No. 681886 SGT. CYRIL EDWARD GOURLEY (now holds Military Medal). He took charge of the section for four hours with complete competence and unlimited courage. In addition to what is told in the preceding narrative, his behaviour in keeping his detachments together was heroic. Whenever the guns had to be left, he would not take cover himself until he was sure all his men were safe. On one occasion when the detachments were driven away and he could not find Sergeant Thornley, he walked across in the open and searched all dugouts and all possible places with absolute disregard of machine gun bullets all around him, until he found him in a detached dugout some distance from the others. Also, he voluntarily with Gunner Hartley alone kept one gun in action at a most dangerous period.

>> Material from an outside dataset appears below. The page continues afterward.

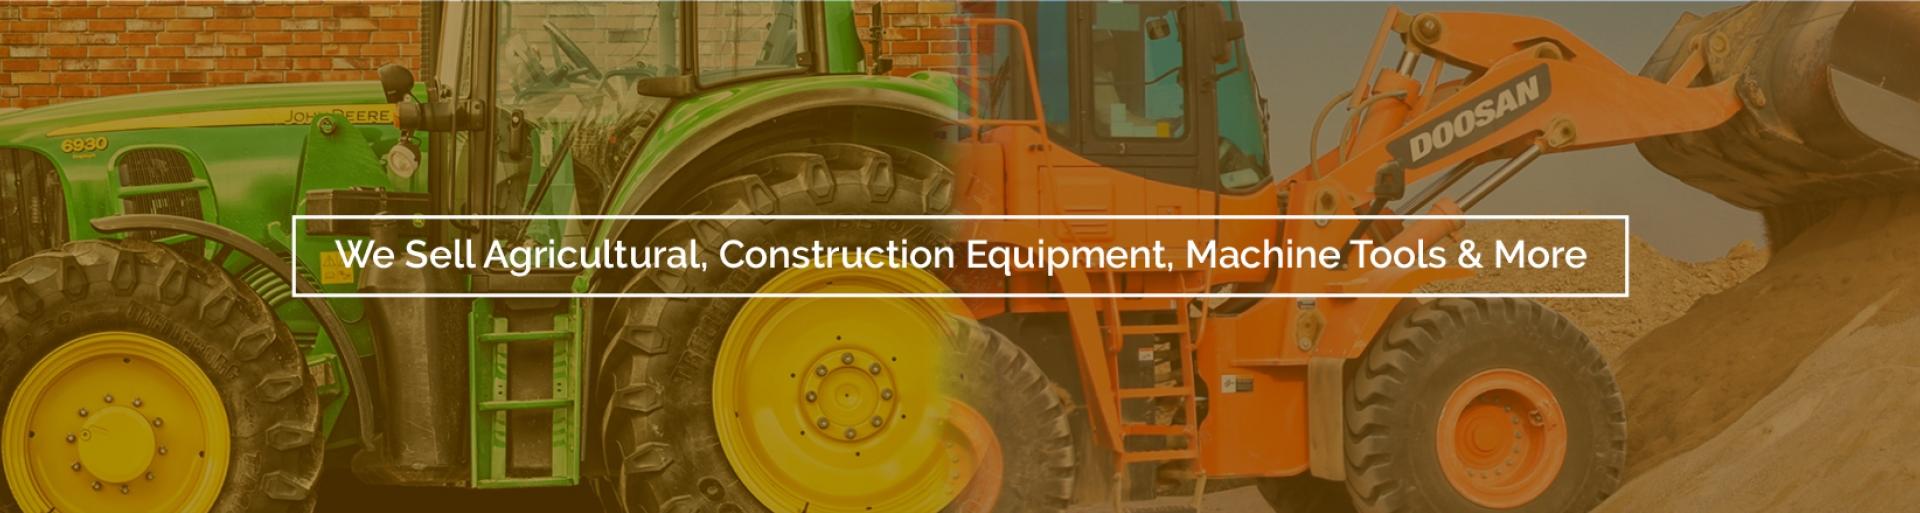 We Sell Agricultural, Construction Equipment, Machine Tools and More

No. 681770 BDR. THOMAS EDGE. He returned to the Battery position once to give information and went back with Sergeant Gourley, was with every special detachment which was for very dangerous work and, as stated above, for some time kept one gun in action by himself.


No. 681791 GNR. FRED BACKHOUSE. For doing, thoroughly and well, exceptionally dangerous work on the wire under heavy shell fire and helping to man the guns as well as doing his job as telephonist.


No. 114783 GNR. CLOUGH HARTLEY. As shown in the above narrative, he was always to the front in the most dangerous places.


Of officers, Lieutenant William Mitchell Biggart deserves a decoration. After taking on from Sergeant Gourley he ran the operation with the greatest coolness and capability, showing an absolute disregard for a very great danger, and having only one desire-to kill the enemy.

(Signed) J. Hudson, Major


1/12/ 1917. Commanding D /276 Bty. R F A'


On Boxing Day 1917, the batteries withdrew from the line and marched northwards in bitterly cold weather. 'Slept midst the ice and snow in tents', Sergeant Jackson wrote.